The Tenth Circuit found material disputes of fact as to whether the accommodations Ms. Osborne proposed would be reasonable for BioLife and concluded summary judgment was inappropriate. The Tenth Circuit evaluated the three factors to present a prima facie case of discrimination under the ADA: (1) whether the employee is disabled within the meaning of the ADA, (2) whether the employee is qualified, with or without reasonable accommodation, to perform the essential functions of the job, and (3) whether the employee was discriminated against because of his or her disability. Because there was no dispute that Ms. Osborne met the first and third factors, the Tenth Circuit evaluated only the second—whether she would be able to perform essential functions of the job with or without reasonable accommodation. Ms.
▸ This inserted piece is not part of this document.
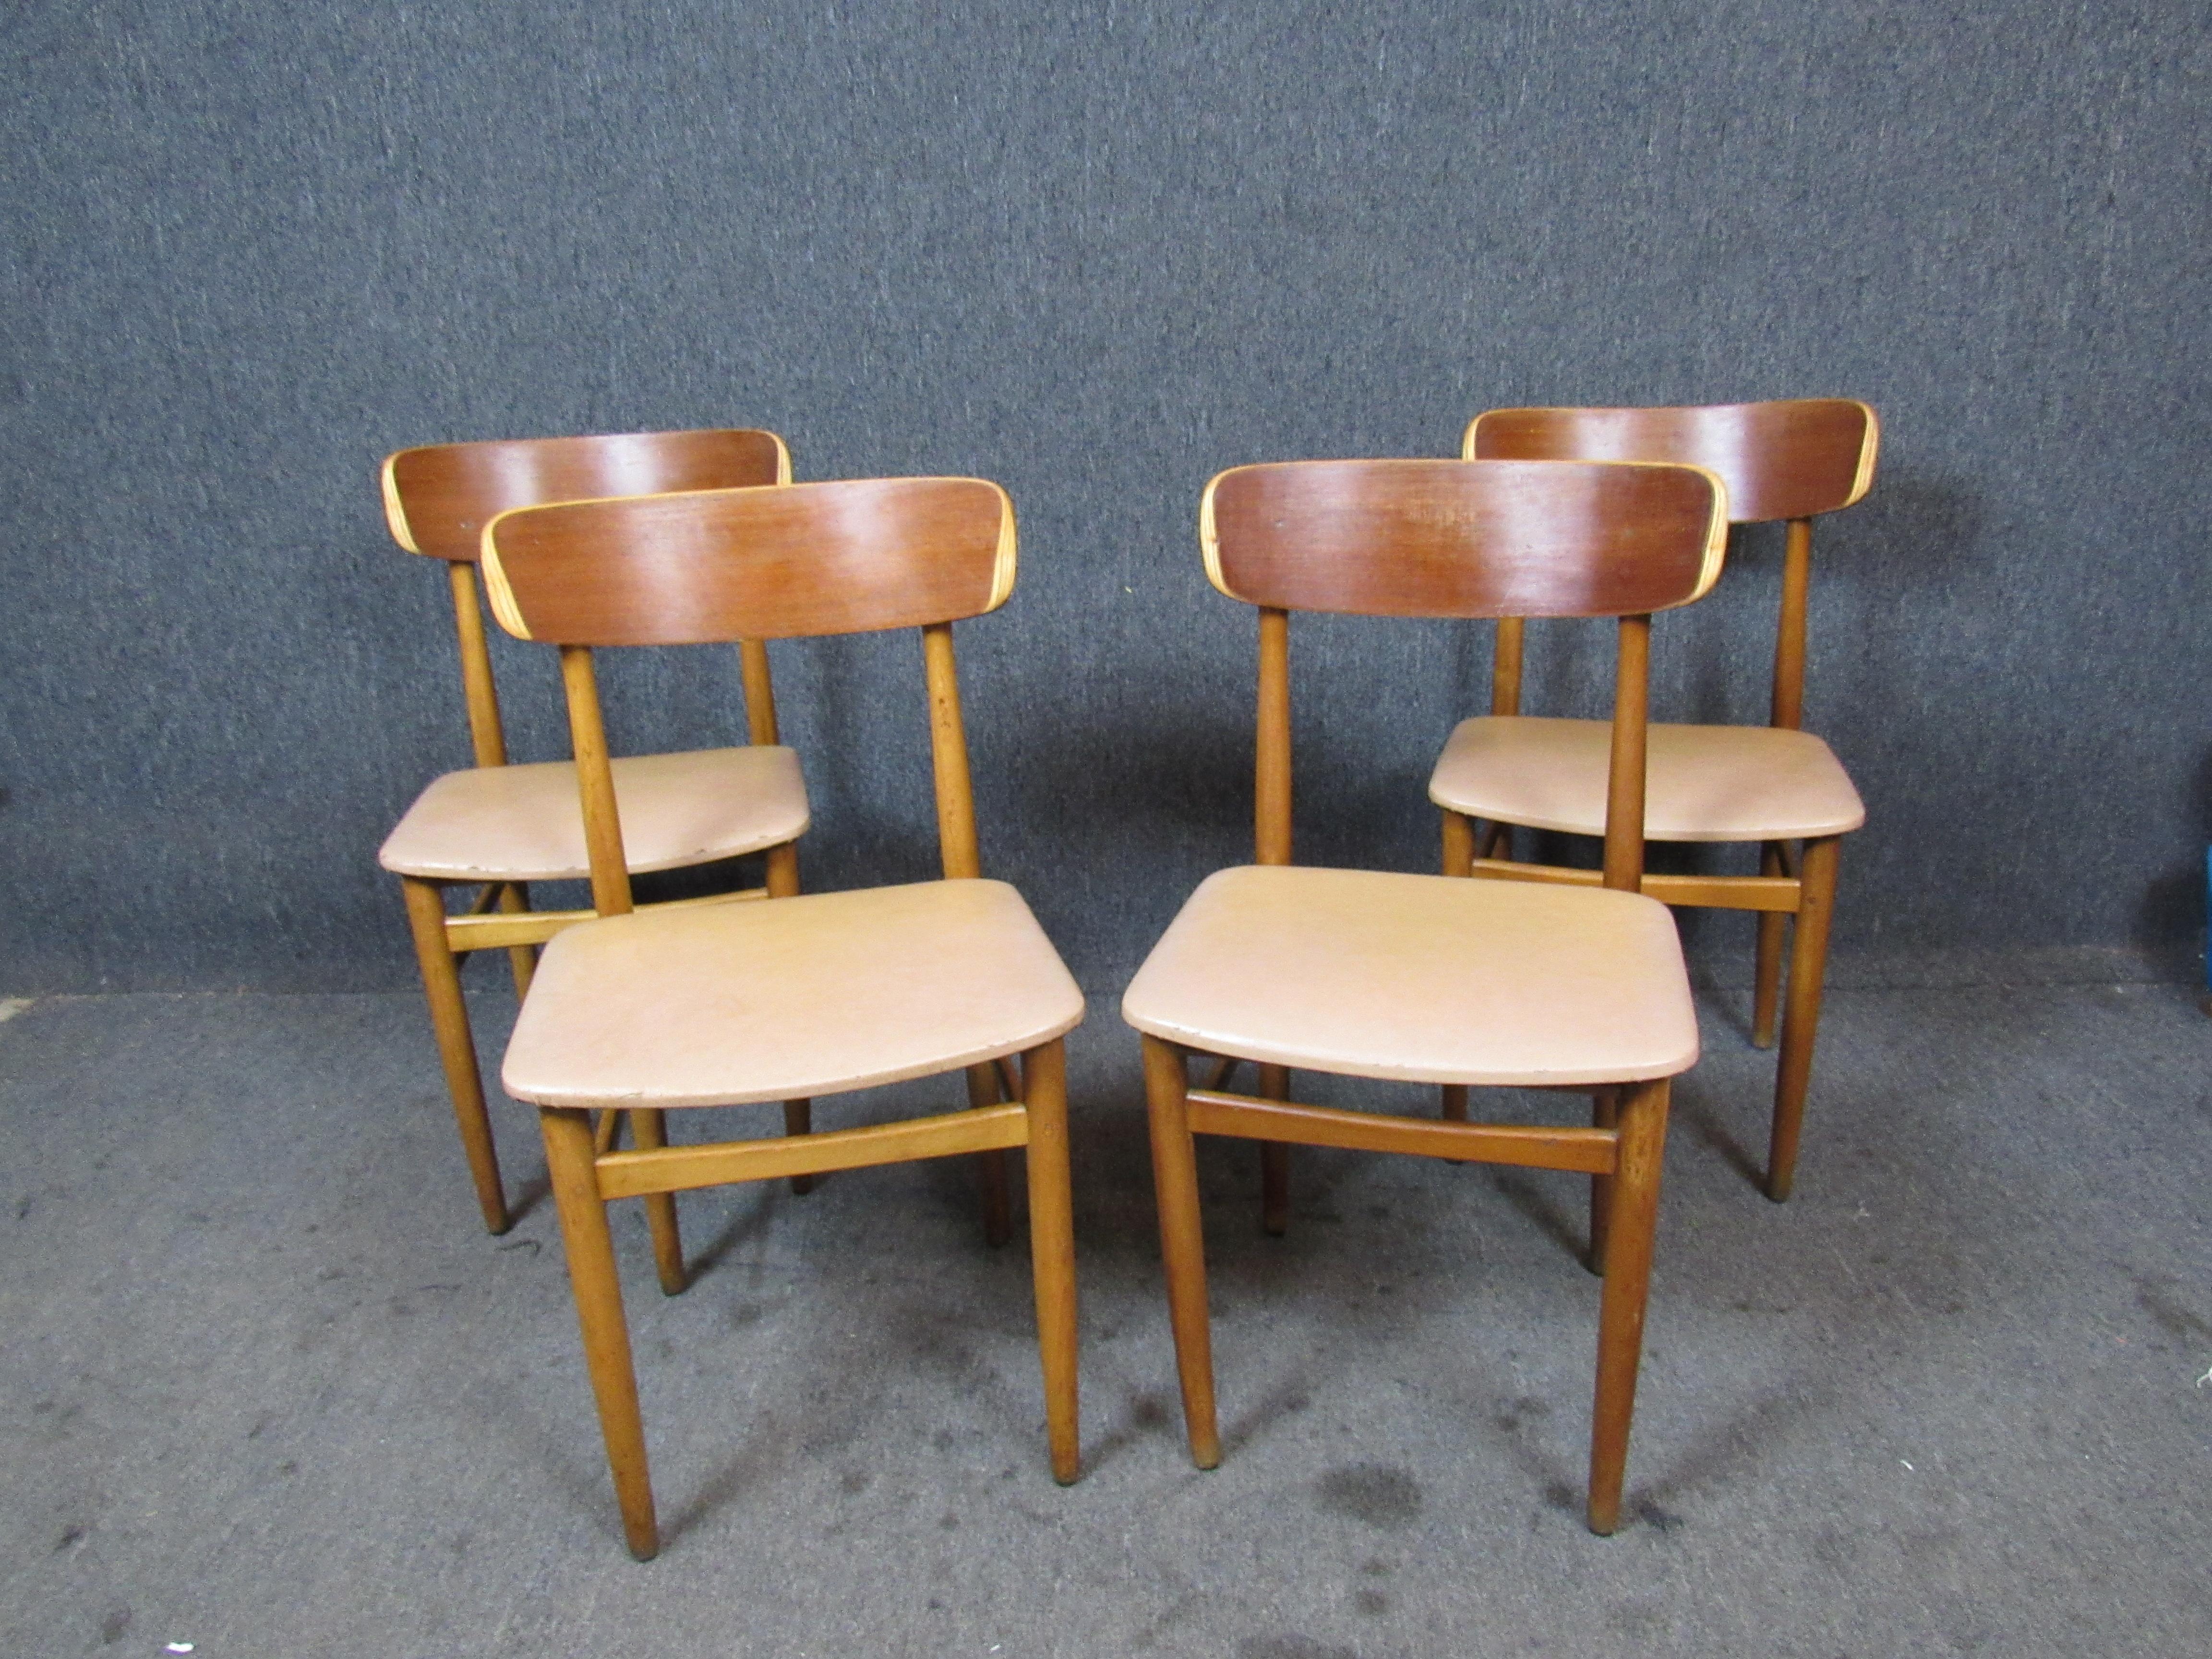 Fantastique ensemble de chaises de salle à manger danoises vintage compactes, avec des dossiers en contreplaqué courbé uniques pour une esthétique classique de la modernité du milieu du siècle dernier. Les chaises de salle à manger légères sont

Osborne proposed adding lights to the plasmaphoresis machine in addition to the alarm sound and giving clients call buttons. Ms. Osborne argued her proposed accommodations were reasonable on their face and the burden should have shifted to BioLife to show that it was unable to provide the accommodations without undue hardship. The Tenth Circuit agreed, finding that summary judgment was precluded because genuine issues of material fact existed regarding whether BioLife could provide the accommodations. Because the Tenth Circuit found that summary judgment was inappropriate, BioLife’s appeal of the cost determination was moot.

The Tenth Circuit reversed the district court’s grant of summary judgment and remanded for further proceedings.